On Fri, May 16, 2014 at 9:12 AM, Barry Rowlingson
<[hidden email]> wrote:

> On Fri, May 16, 2014 at 4:46 PM, Witold E Wolski <[hidden email]> wrote:
>> Dear Jari,
>>
>> Thanks for your reply...
>>
>> The overhead would be
>> 2 for loops
>> for(i in 1:dim(x)[2])
>> for(j in i:dim(x)[2])
>>
>> isn't it? Or are you seeing a different way to implement it?
>>
>> A for loop is pretty expensive in R. Therefore I am looking for an
>> implementation similar to apply or lapply were the iteration is made
>> in native code.
>
> No, a for loop is not pretty expensive in R -- at least not compared
> to doing a k-s test:
>
>  > system.time(for(i in 1:10000){ks.test(runif(100),runif(100))})
>    user  system elapsed
>   3.680   0.012   3.697
>
>  3.68 seconds to do 10000 ks tests (and generate 200 runifs)
>
>  > system.time(for(i in 1:10000){})
>    user  system elapsed
>   0.000   0.000   0.001
>
>  0.000s time to do 10000 loops. Oh lets nest it for fun:
>
>  > system.time(for(i in 1:100){for(i in 1:100){ks.test(runif(100),runif(100))}})
>    user  system elapsed
>   3.692   0.004   3.701
>
>  no different. Even a ks-test with only 5 items is taking me 2.2 seconds.
>
> Moral: don't worry about the for loops.
>
> Barry
>
> ______________________________________________
> [hidden email] mailing list
> https://stat.ethz.ch/mailman/listinfo/r-help
> PLEASE do read the posting guide http://www.R-project.org/posting-guide.html
> and provide commented, minimal, self-contained, reproducible code.

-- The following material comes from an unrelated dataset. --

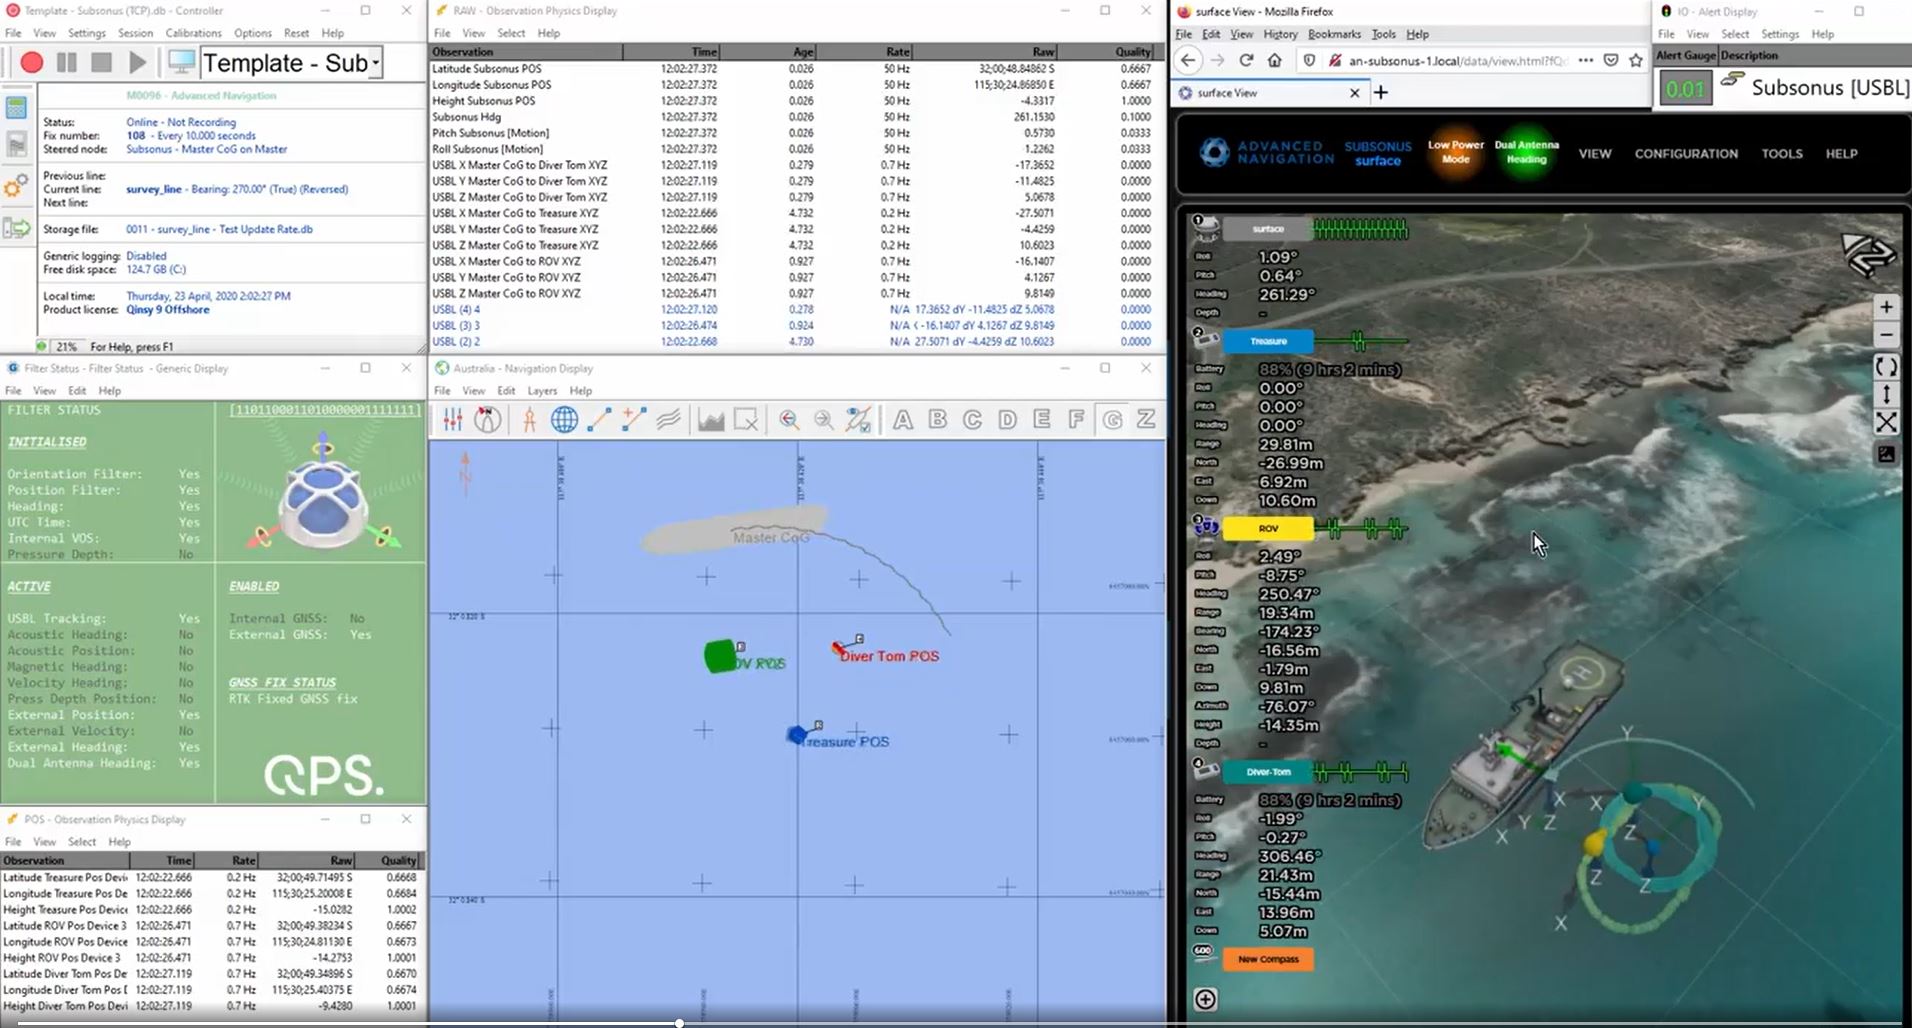 QINSY 9软件现己支持Advanced Navigation的SUBSONUS超短基线产品

______________________________________________
[hidden email] mailing list
https://stat.ethz.ch/mailman/listinfo/r-help
PLEASE do read the posting guide http://www.R-project.org/posting-guide.html
and provide commented, minimal, self-contained, reproducible code.
Reply | Threaded
Open this post in threaded view
|

Re: dist like function but where you can configure the method

Jari Oksanen
In reply to this post by Witold E Wolski
I did not regard the loops as the overhead but a part of the process. Overhead is setting attributes. The loop is not so very expensive compared to ks.test(). You can always replace the loop with an apply on the vector of indices, but about the only way to speed up calculations is to use parallel processing (parLapply, parSapply, parRapply functions of the parallel processing.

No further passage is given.